1. A discharge control apparatus comprising:

a storage control unit configured to store, in a storage unit, a correction value for correcting a value related to discharge intensity performed by a liquid discharge unit configured to discharge liquid to a discharge target, in association with a type of the discharge target; and

a correction value update unit configured to update, via the storage control unit, the correction value stored in the storage unit, based on input received by an input receiving unit configured to receive the input from a user, wherein

the correction value update unit is configured to perform the update with an identical correction value for a plurality of different types of discharge targets.

2. The discharge control apparatus according to claim 1, wherein the correction value update unit is configured to adopt an updated correction value of a first correction value being a correction value corresponding to a certain type of discharge target, for a different type of discharge target in response to the input receiving unit receiving input for updating the first correction value, the different type being associated with the certain type of discharge target.

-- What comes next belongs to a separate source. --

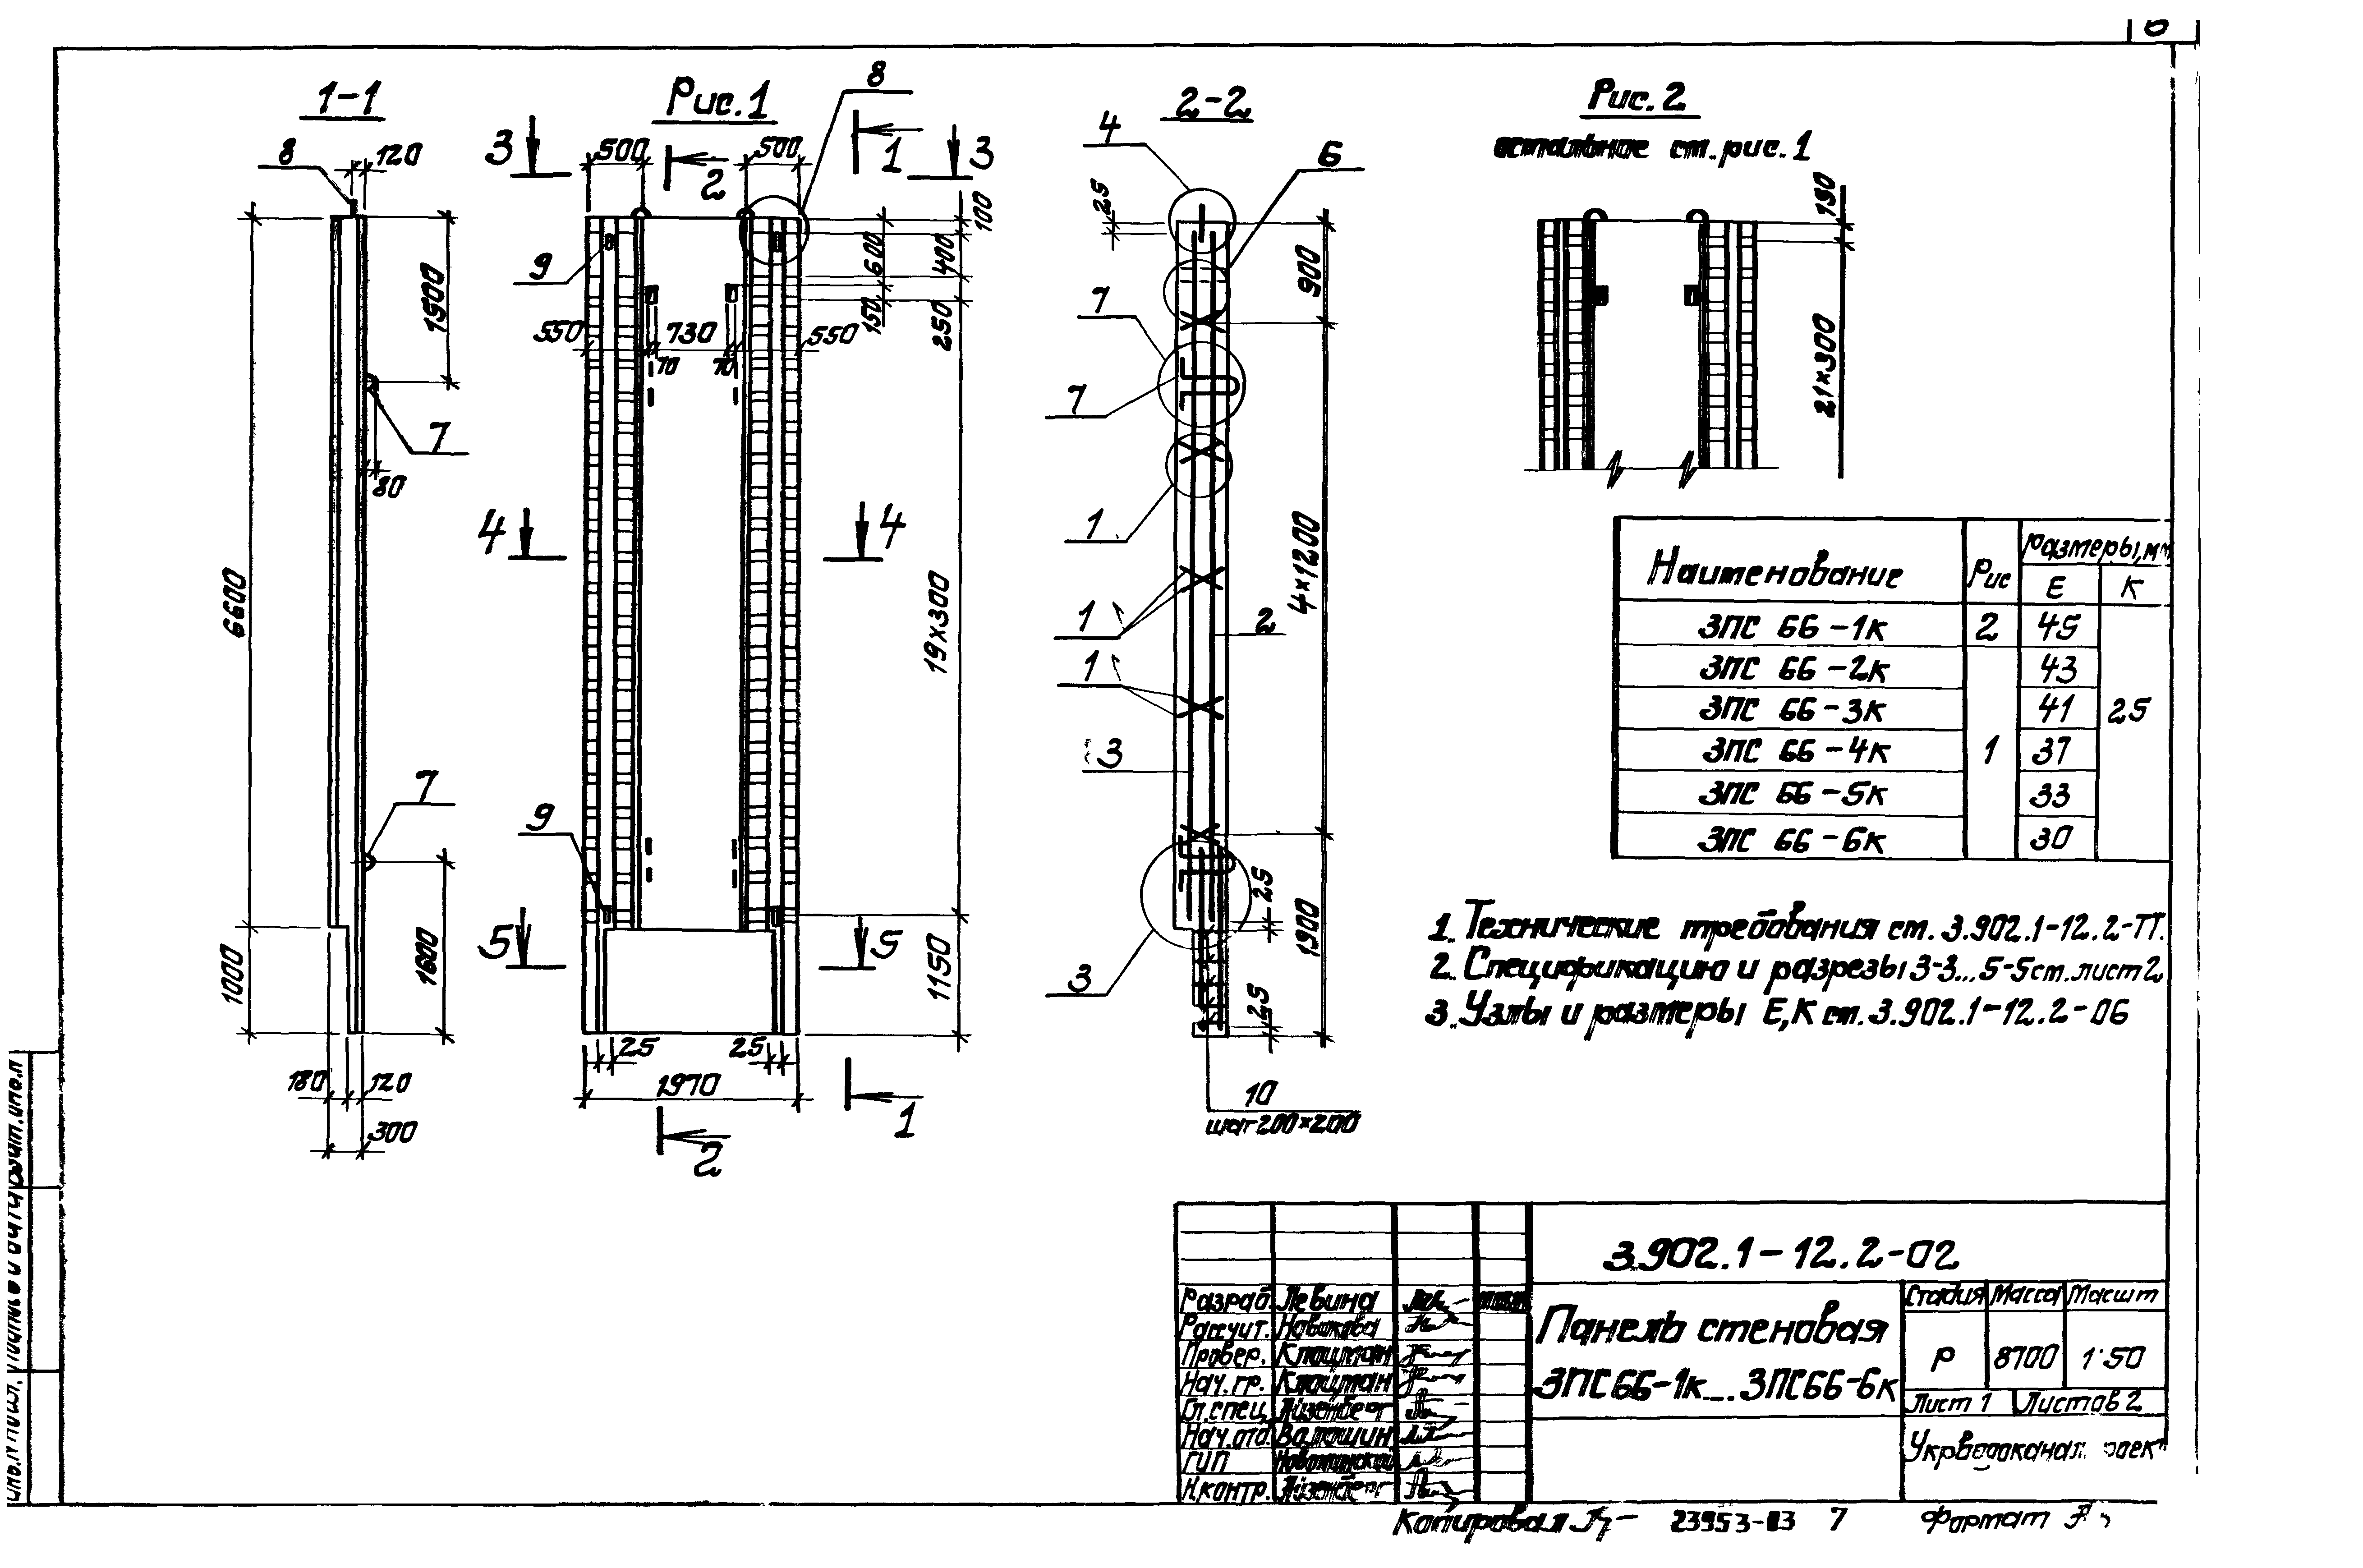 Панель стеновая 3ПС66-1к Серия 3.902.1-12, вып.2
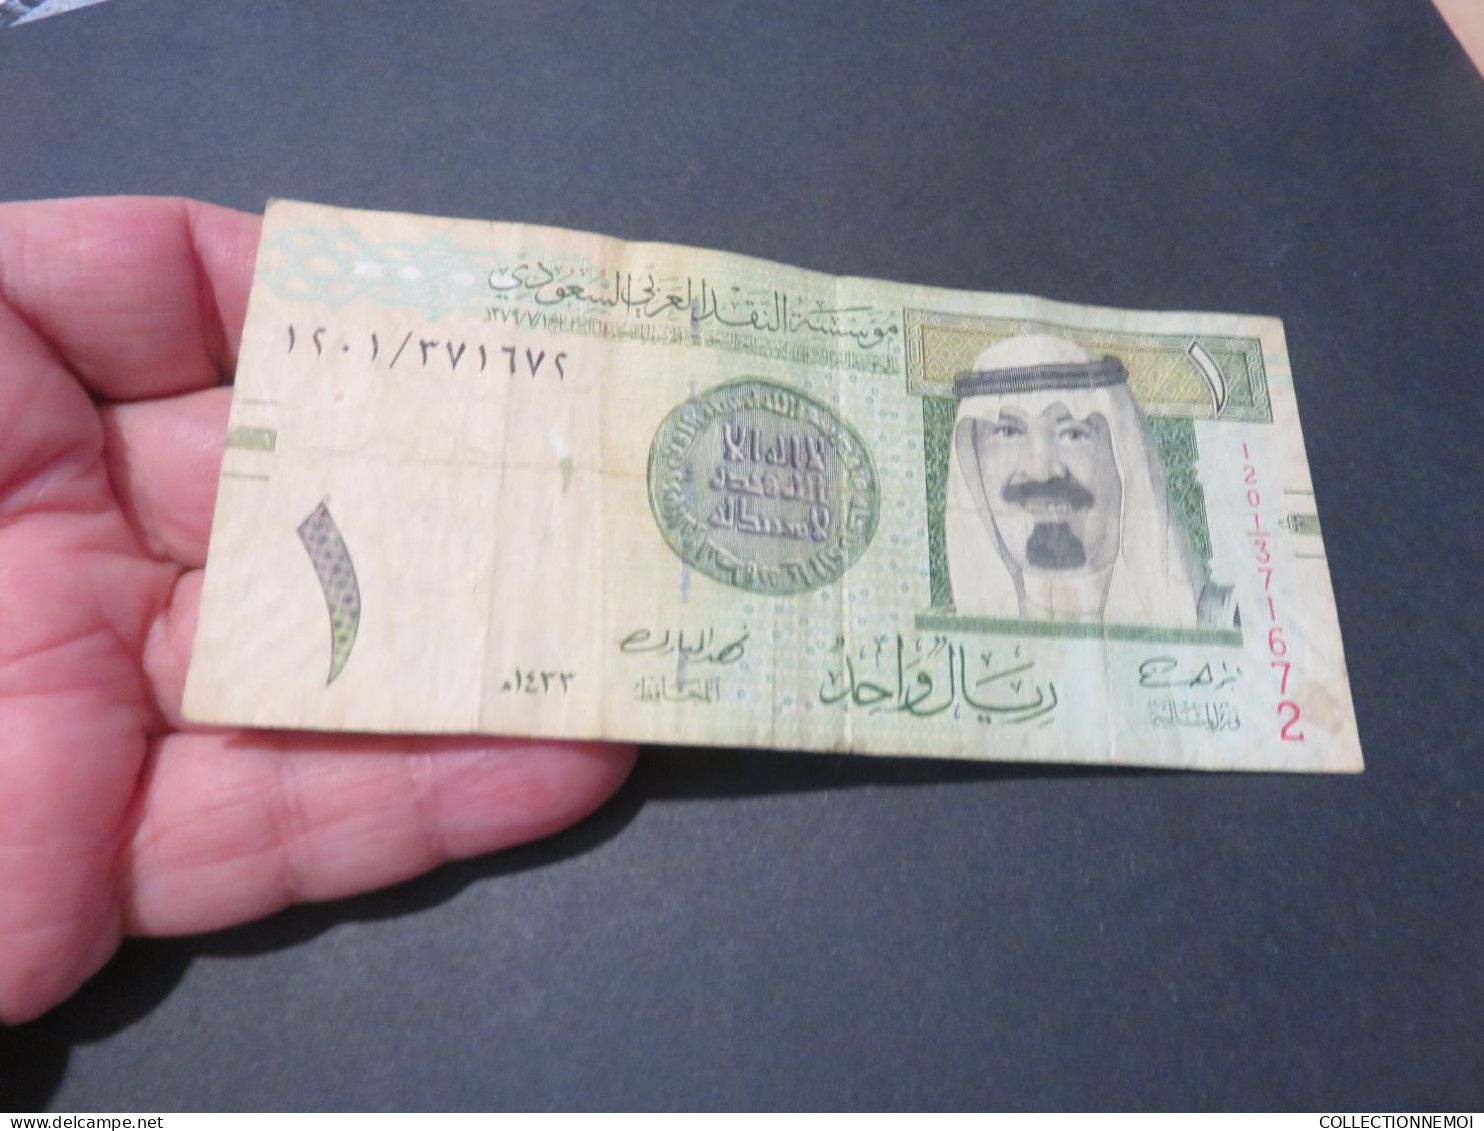 10 billets d arabie saoudite , vendue comme ils sont

3. The discharge control apparatus according to claim 1, wherein the correction value update unit is configured to display, for a new type of discharge target with which the correction value is not associated, correction values stored in the storage unit in associated with a type of discharge target, to allow selection, and associate, with the new type, a correction value selected from the displayed correction values, for update.

4. The discharge control apparatus according to claim 3, wherein the correction value update unit is configured to exclude a correction value generated for a type of discharge target for which one of a different printing quality mode and different dot gain is set, from the correction values to be displayed to allow selection.

5. The discharge control apparatus according to claim 1, wherein the correction value update unit is configured to display, for a new type of discharge target with which the correction value is not associated, types of discharge targets stored in the storage unit in association with a correction value, to allow selection, and associate, with the new type, a correction value associated with a type of discharge, the type being selected from the displayed types of discharge targets.

6. The discharge control apparatus according to claim 1, wherein the correction value update unit is configured to, in response to updating a correction value of a certain type of discharge target among a plurality of types of discharge targets associated with an identical correction value, perform display to allow selection about whether to store the correction value in the storage unit as a correction value different from the correction value associated with the other types of discharge targets, and update the correction value in accordance with the selection.

7. The discharge control apparatus according to claim 1, wherein the correction value is associated with an image quality mode and recording medium property including a precoating condition and surface orientation.

8. A liquid discharge apparatus comprising:

a liquid discharge unit configured to discharge liquid to a discharge target; and

the discharge control apparatus according to claim 1.

9. The liquid discharge apparatus according to claim 8, further comprising an input receiving unit configured to receive input from a user.

10. A non-transitory computer-readable medium including programmed instructions that cause a computer to function as:

a storage control unit configured to store, in a storage unit, a correction value for correcting a value related to discharge intensity performed by a liquid discharge unit configured to discharge liquid to a discharge target, in association with a type of the discharge target; and

a correction value update unit configured to update, via the storage control unit, the correction value stored in the storage unit, based on input received by an input receiving unit configured to receive the input from a user, wherein

the correction value update unit is configured to perform the update with an identical correction value for a plurality of different types of discharge targets.